RÉÉDITIONS DC : TPBs, Hardcovers, Graphic Novels

Je n’avais pas lu Brightest Day. Lassé du travail de Geoff Johns sur Green Lantern, et surtout du carnage qu’a été Blackest Night, j’avais zappé. Je crois que j’ai pris le début de la VF chez Panini, mais sans la lire, et quand l’éditeur a perdu la licence, j’ai profité de l’occasion pour oublier. Et je n’ai pas lu la VF chez Urban non plus.


Mais j’ai profité de l’occasion récente de racheter à un membre du forum quelques recueils, et j’ai donc lu la série, dans une jolie édition en trois tomes cartonnés. C’est marrant, d’ailleurs, parce que je n’arrête pas de pester contre les albums cartonnés en franco-belge, mais j’aime bien les TPB cartonnés, même si j’ai majoritairement des recueils souples. Le lecteur, cet être de contradictions.


Et bref, c’est pas mal du tout. Pour resituer, on suit les péripéties des héros (et vilains) ressuscités à l’issue de Blackest Night. Récemment revenus à la vie, ils cherchent leurs places et découvrent que leurs capacités ont été altérées : Deadman n’est plus un fantôme, Aquaman peut convoquer la vie marine… morte, certains d’entre eux peuvent donner ou redonner la vie…


N’ayant pas lu la série, comme je le disais plus haut, j’ai eu la surprise de découvrir que c’est dans ces épisodes que Mera avoue la raison pour laquelle elle a rencontré Arthur Curry à l’origine. C’est aussi dans Brightest Day que Jackson, le fils de Black Manta, fait son apparition. D’ailleurs, je trouve cette version pré nioufiftitou plus intéressante que celle qu’on a actuellement.

Le récit est construit selon le principe d’intrigues séparées, de destins distants que l’on suit en parallèle, alors que les scénaristes laissent entendre que tout est lié, d’une manière obscure. C’est une manière de glisser des subplots, de poser des indices concernant la menace centrale. L’ensemble des vingt-quatre épisodes met en avant une structure feuilletonnante qui, il faut bien l’avouer, est assez prenante.

Le récit est mené par deux scénaristes, Geoff Johns et Peter J. Tomasi. Et je crois qu’une lecture attentive pourrait permettre de distinguer qui fait quoi. Il y a deux styles, un plus violent, plus rentre-dedans, qui propose de beaux moments (je songe à une discussion entre Aquaman et Jackson, avec une case de silence assez pertinente), l’autre plus sensible, même si les séquences violentes sont présentes. Je pense que l’intrigue consacrée à Martian Manhunter est de la plume de Tomasi, tant elle contient de belles idées (les balles en forme de perle pour tuer Batman, quel trait de génie !). L’un des plaisirs de la série, c’est de suivre des personnages somme toute secondaire, ce qui offre aux auteurs une liberté évidente.

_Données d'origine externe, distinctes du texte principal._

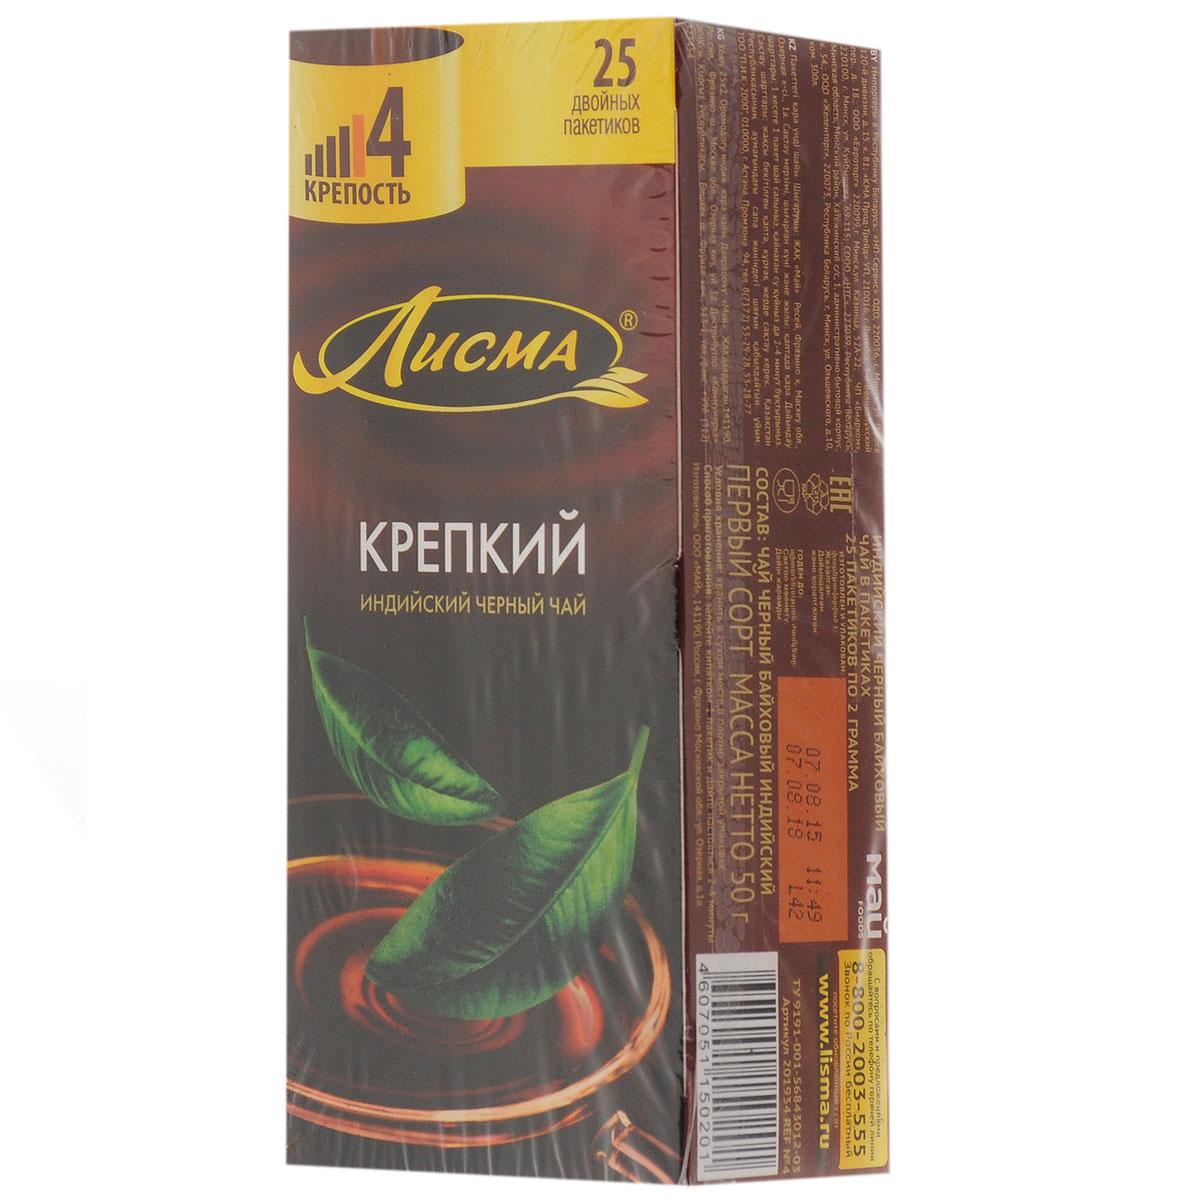 Лисма Крепкий черный чай в пакетиках, 25 шт0120710Лисма Крепкий - индийский черный байховый чай в пакетиках. Коробка содержит 25 пакетиков по 2 грамма.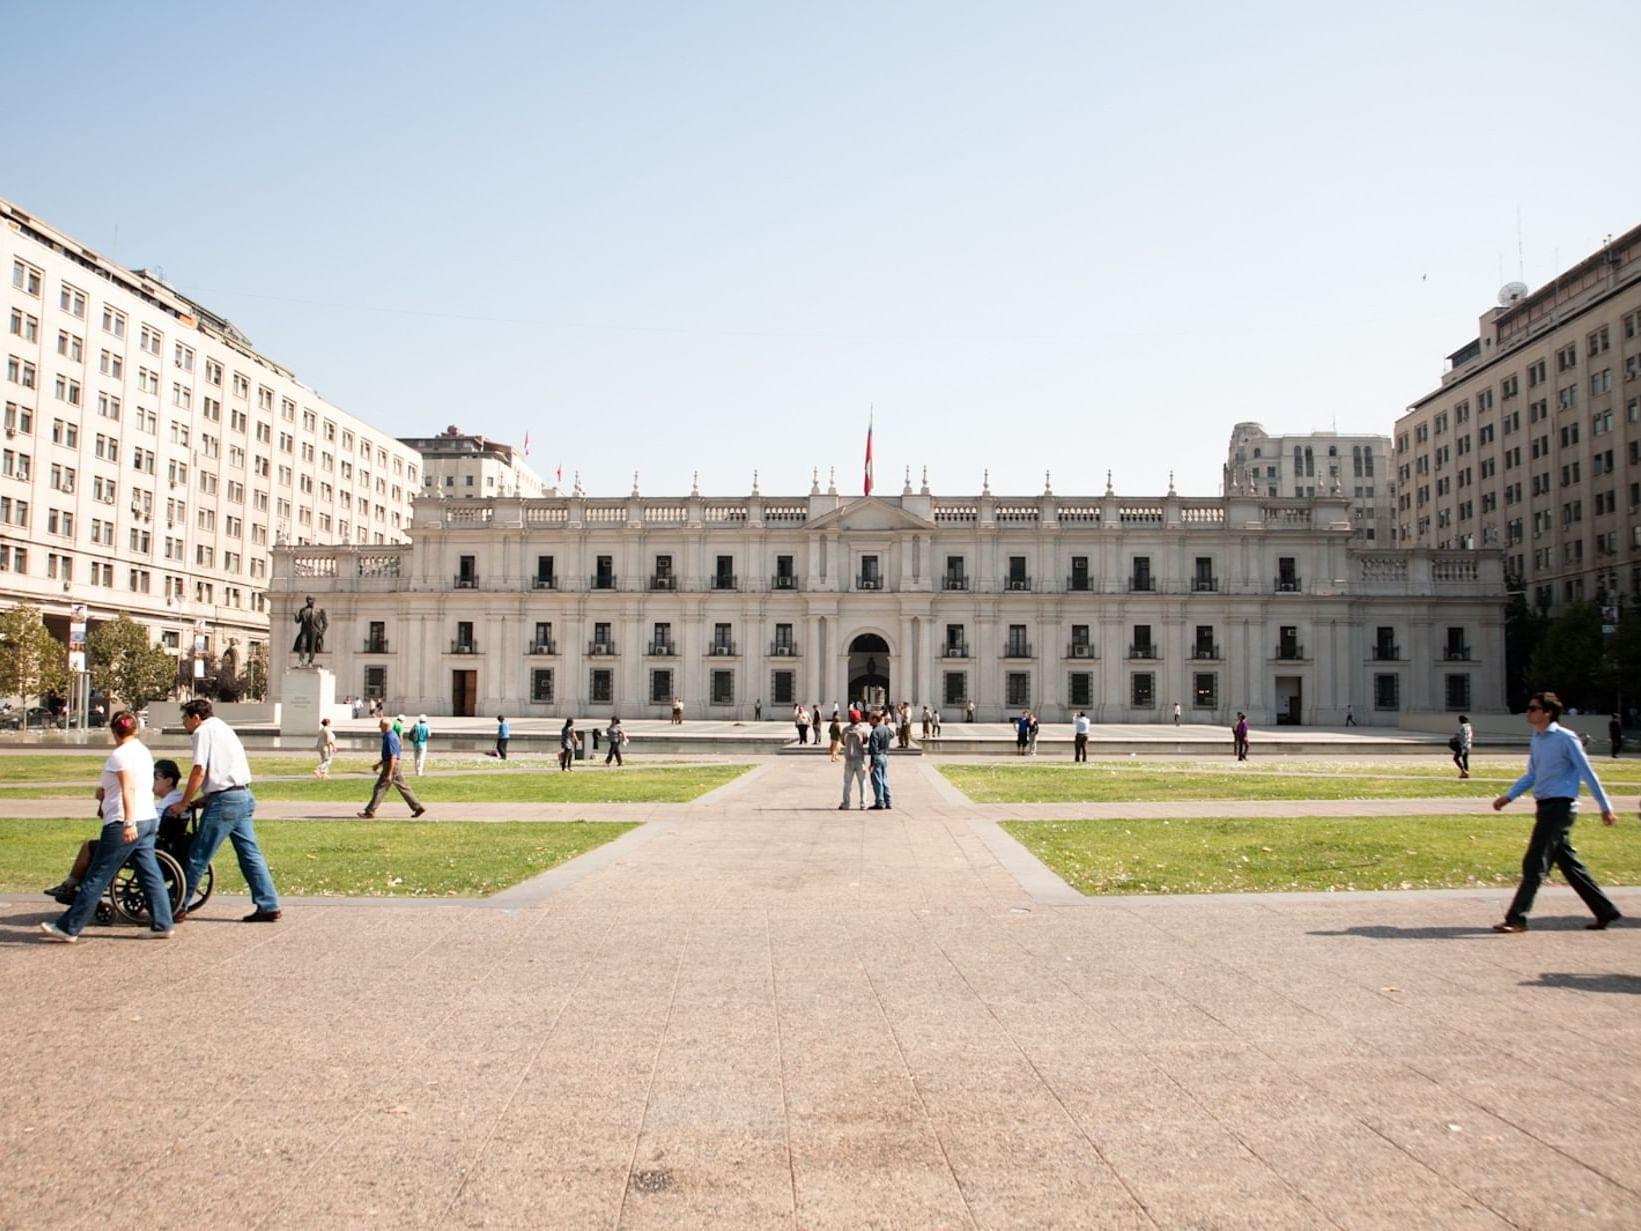 La Moneda Goverment Building

Graphiquement, c’est de premier ordre. Bien entendu, Ivan Reis tire la couverture à lui, consacrant des planches incroyables à Aquaman mais aussi à Deadman, notamment dans un épisode en forme d’hommage évident à Neal Adams. Mais les autres, notamment Gleason et Syaf, ne déméritent pas.


La série n’est pas exempte de défauts, bien sûr. Notamment, elle a généré des spin-offs, et on sent bien que certaines péripéties sont traitées ailleurs, et seulement évoquées en début et en fin de récit. De même, puisque la menace est à l’échelle de l’univers, certaines figures célèbres de la cosmogonie DC sont convoquées, mais on ne pourra pas se débarrasser de l’idée que, justement, ça les diminue un peu. Mais c’est assez véniel somme toute, tant l’attention aux personnages et le caractère très intéressant de la menace l’emporte.